Ernst v. O'Bannion

278 So. 2d 830 | La. Ct. App. | 1973

Lead Opinion

HOOD, Judge.

This is an action for damages arising out of an intersectional motor vehicle colli*831sion. The suit was instituted by Thomas R. Ernst against Murphy O’Bannion, Dur-ward Grayson Lyons, and Continental Insurance Company. Continental was the insurer of the other two defendants. Judgment was rendered by the trial court in favor of plaintiff, and against all defendants, and defendants have appealed.

The questions presented are whether defendant Lyons, driver of one of the vehicles involved in the collision, was negligent, and if so, whether plaintiff Ernst is barred from recovery by his own contributory negligence.

The collision occurred about noon on November 13, 1970, at the intersection of Planer Mill Road and Glendale Road, in a rural area of Beauregard Parish. Both of these roads were graveled, and each was about 30 feet wide. The intersection was uncontrolled, there being no stop signs or other devices located there to control traffic. Some shrubbery in that immediate area made the intersection a relatively blind one, and because of that shrubbery it was difficult for a motorist approaching the intersection from any direction to see other vehicles approaching from his right or left.

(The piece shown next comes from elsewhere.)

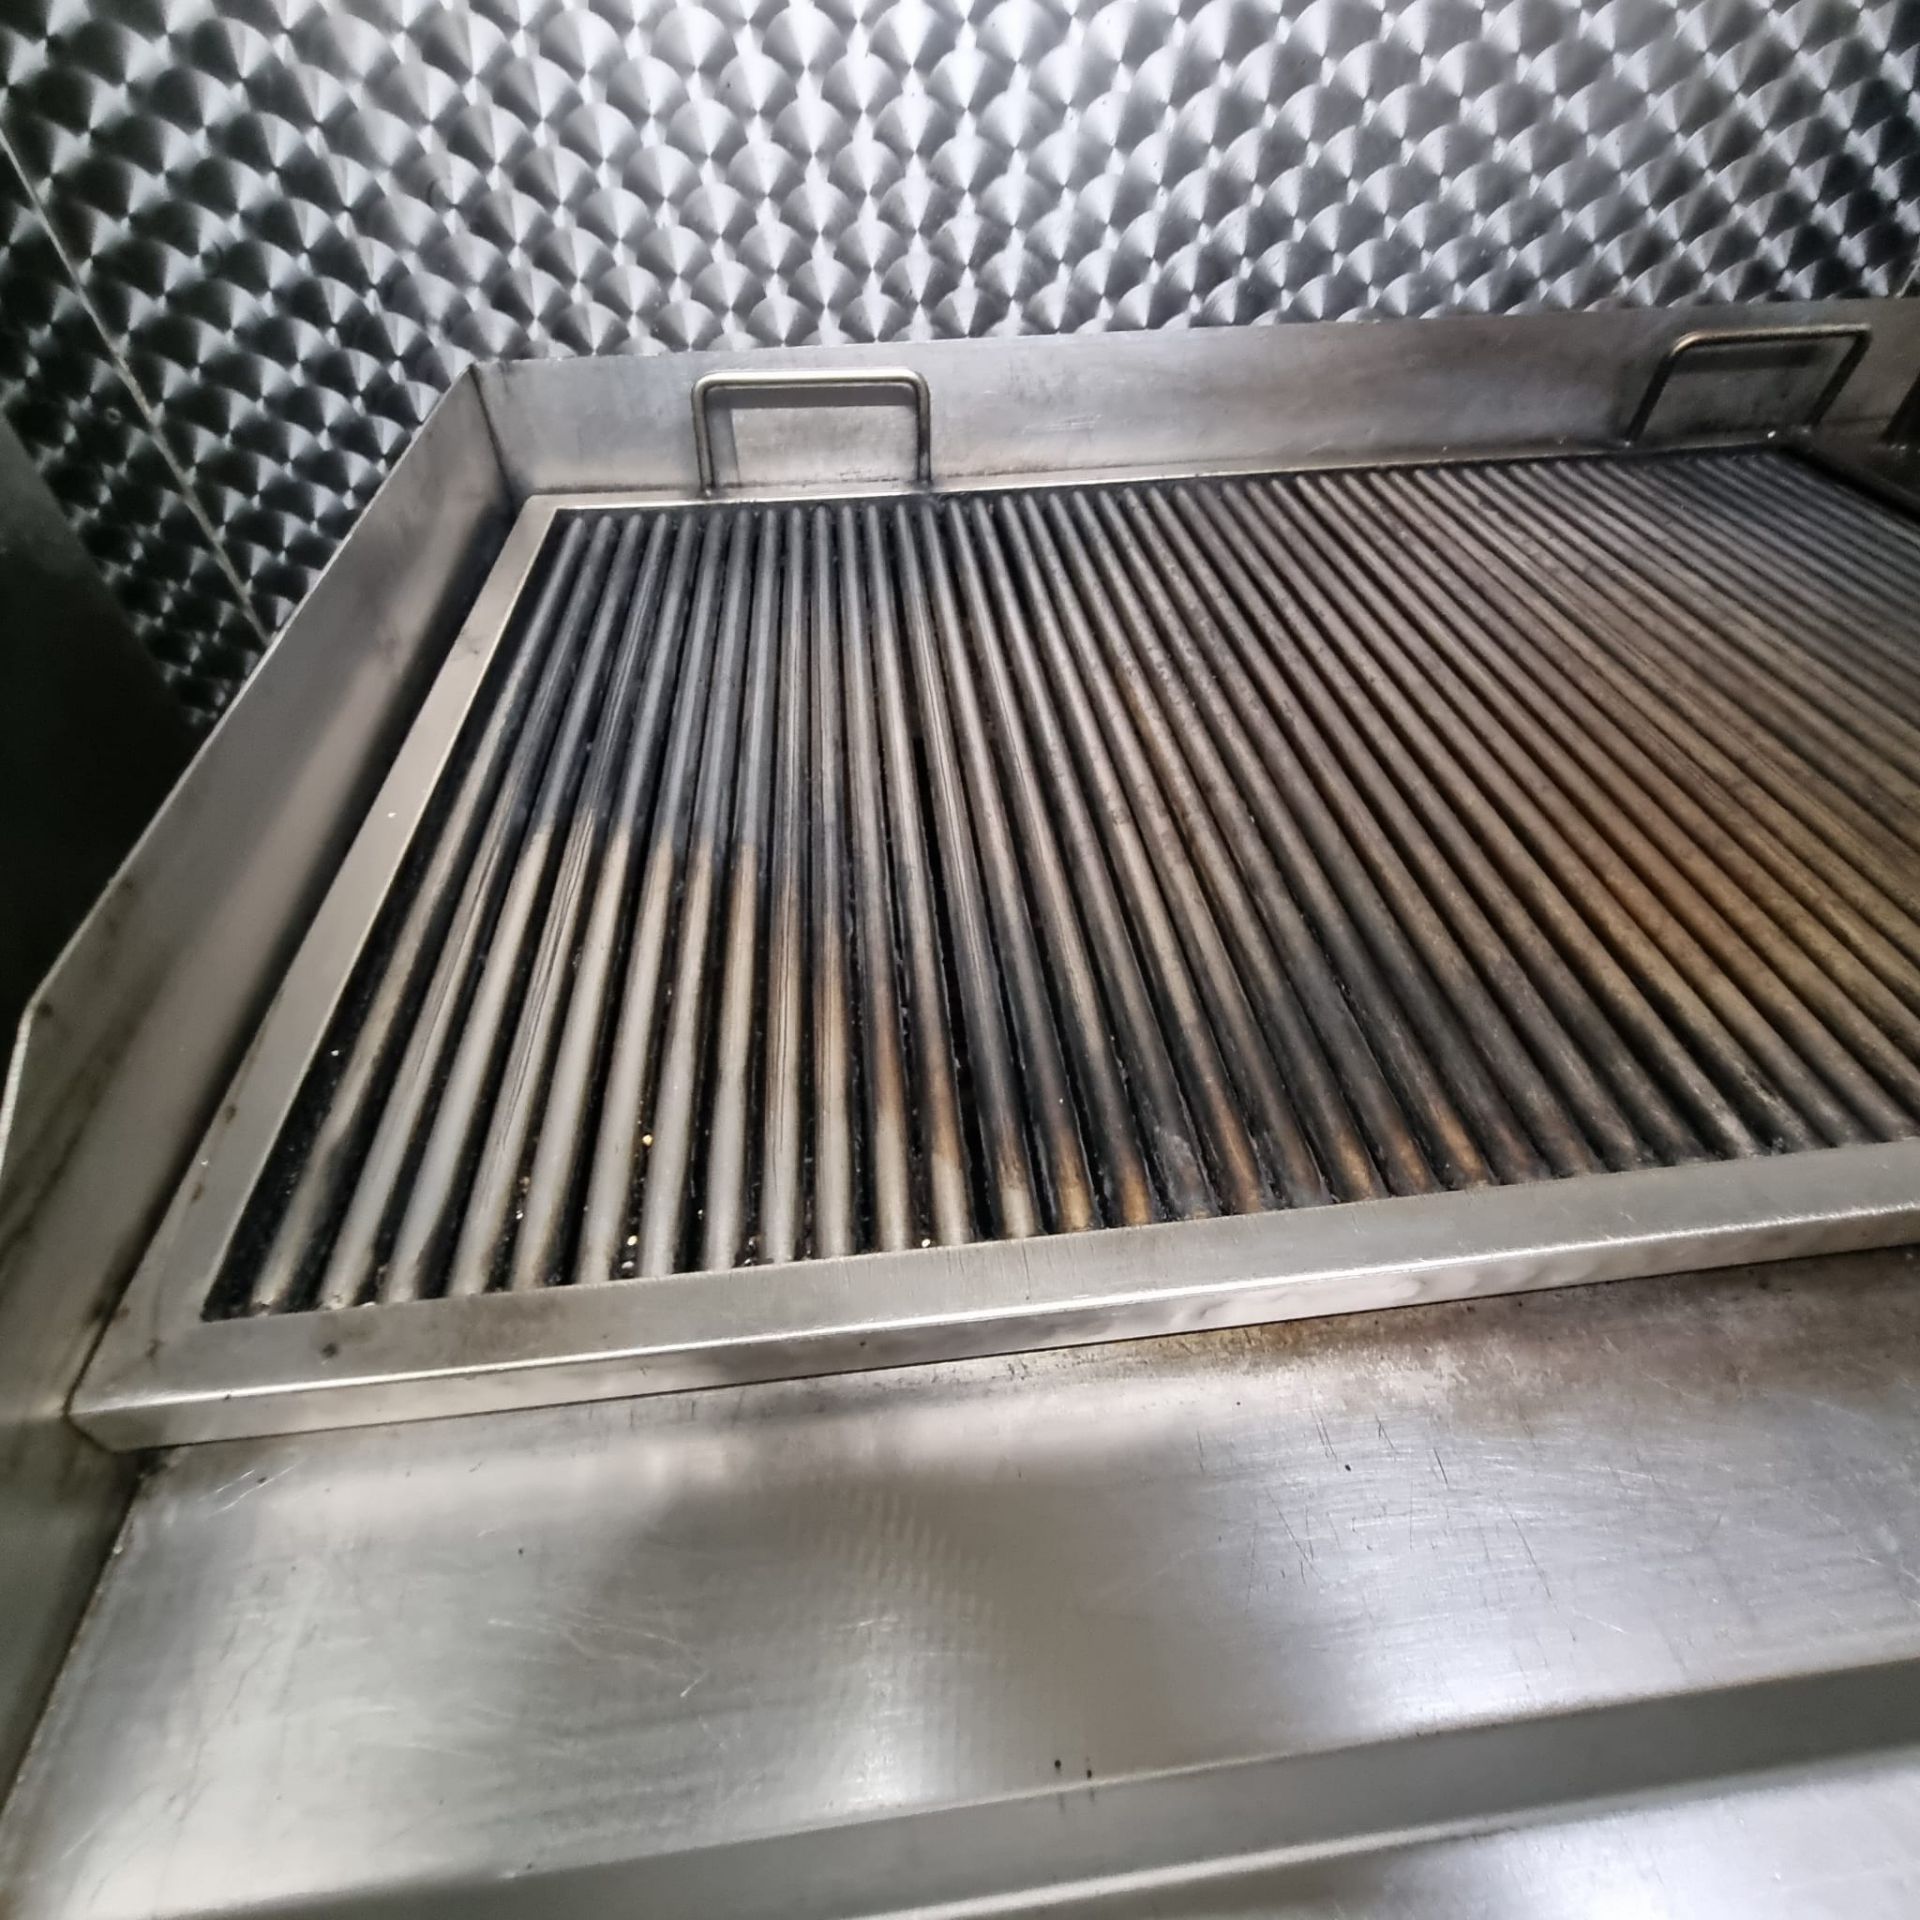 3 BURNER CHARGRILL - NATURAL GAS STILL CONNECTED IN SHOP - 900 MMW  - WATER TRAY UNDER - Image 2 of 3

Immediately before the accident occurred, plaintiff Ernst was driving his pickup truck south on Planer Mill Road toward this intersection. The truck was towing a 16 foot two axle livestock trailer, which was loaded with a 1,000 pound cow and calf. The front part of plaintiff’s truck entered and traversed the intersection, but while his trailer was in about the center of that intersection it was struck on the right side by a one and one-half ton truck being driven by defendant Lyons, an employee of defendant O’Bannion. As a result of the accident, plaintiff’s truck and trailer were damaged, and the cow was injured to the extent that she had to be slaughtered.

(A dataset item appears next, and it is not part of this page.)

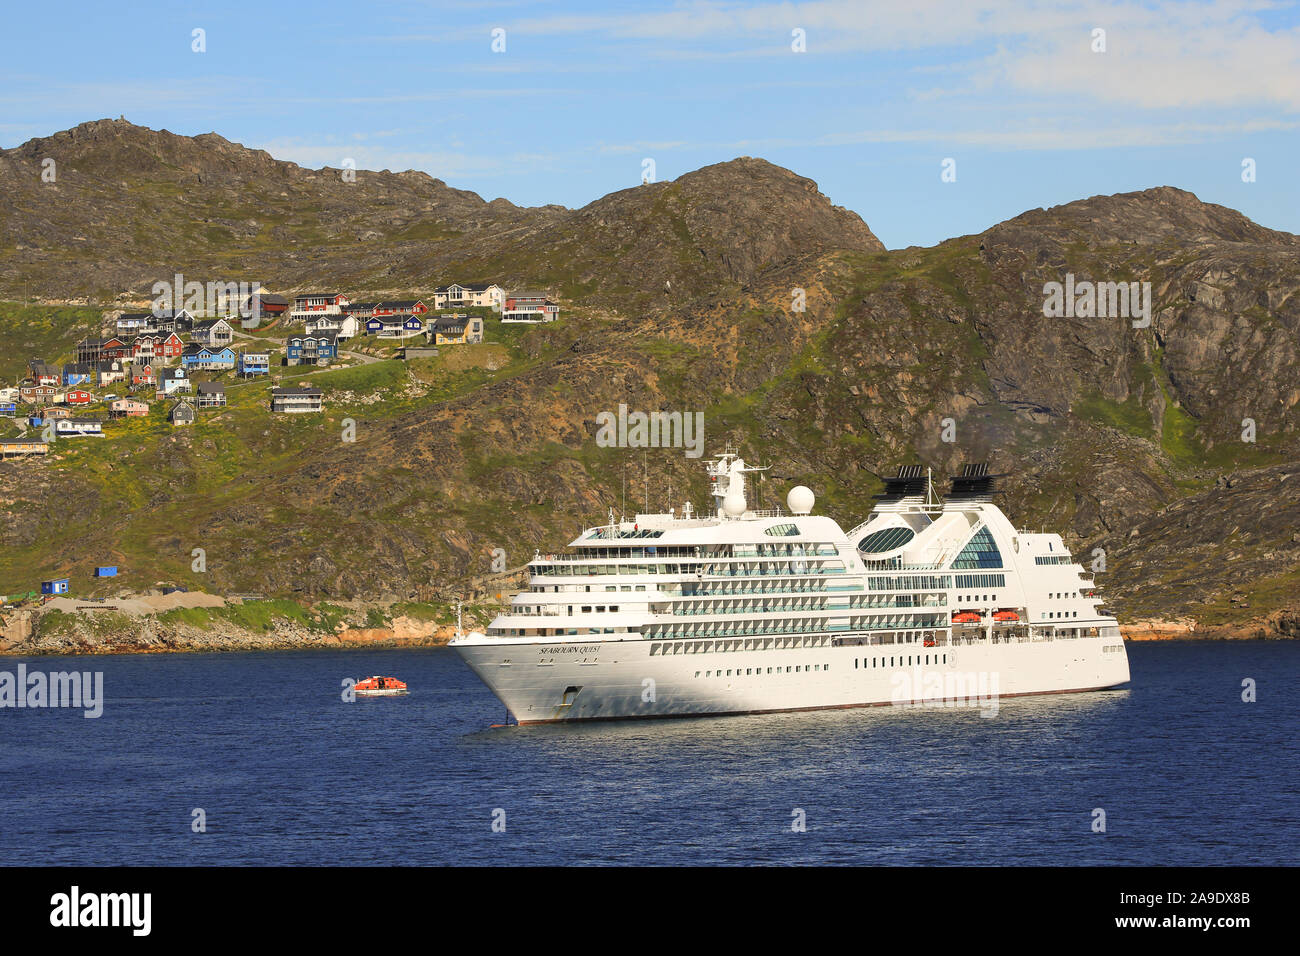 The cruise ship Seabourn Quest anchored off the town of Qaqortoq on the west coast of Greenland. Tendering to shore is underway. Stock Photo

Lyons was driving his truck east on Glendale Road just before the collision occurred. The front of his truck entered the intersection and traveled a distance which we estimate to have been from seven to fifteen feet when it struck the right side of the Ernst trailer.

The Ernst truck and trailer combination was being driven at a speed of 25 to 30-miles per hour as it approached the intersection. Ernst attempted to look through the shrubbery to his right before he reached the intersection, but he saw no one approaching. He nevertheless slowed down to a speed of from 20 to 25 miles per hour as he entered the crossing. When his truck reached about the center of the intersection, he looked to his right and then for the first time saw the Lyons truck approaching from his right in such a manner that he realized that a collision was imminent. Ernst then accelerated the speed of his truck-trailer combination in an effort to clear the intersection before it was struck, but the collision occurred before he had time to pull his trailer through. Ernst estimated that the Lyons vehicle was from 50 to 100 feet from the intersection when he first saw it approaching.

Lyons was traveling at a speed of approximately 35 miles per hour as he approached the intersection. He did not see the Ernst vehicle enter the crossing, but he did see it while plaintiff’s truck was about in the center of the intersection. Lyons estimates that he was only 6 or 8 feet from the Ernst vehicle when he first saw him, but he obviously was mistaken in that estimate, because the record shows that he left skid marks 25 feet long before the impact occurred.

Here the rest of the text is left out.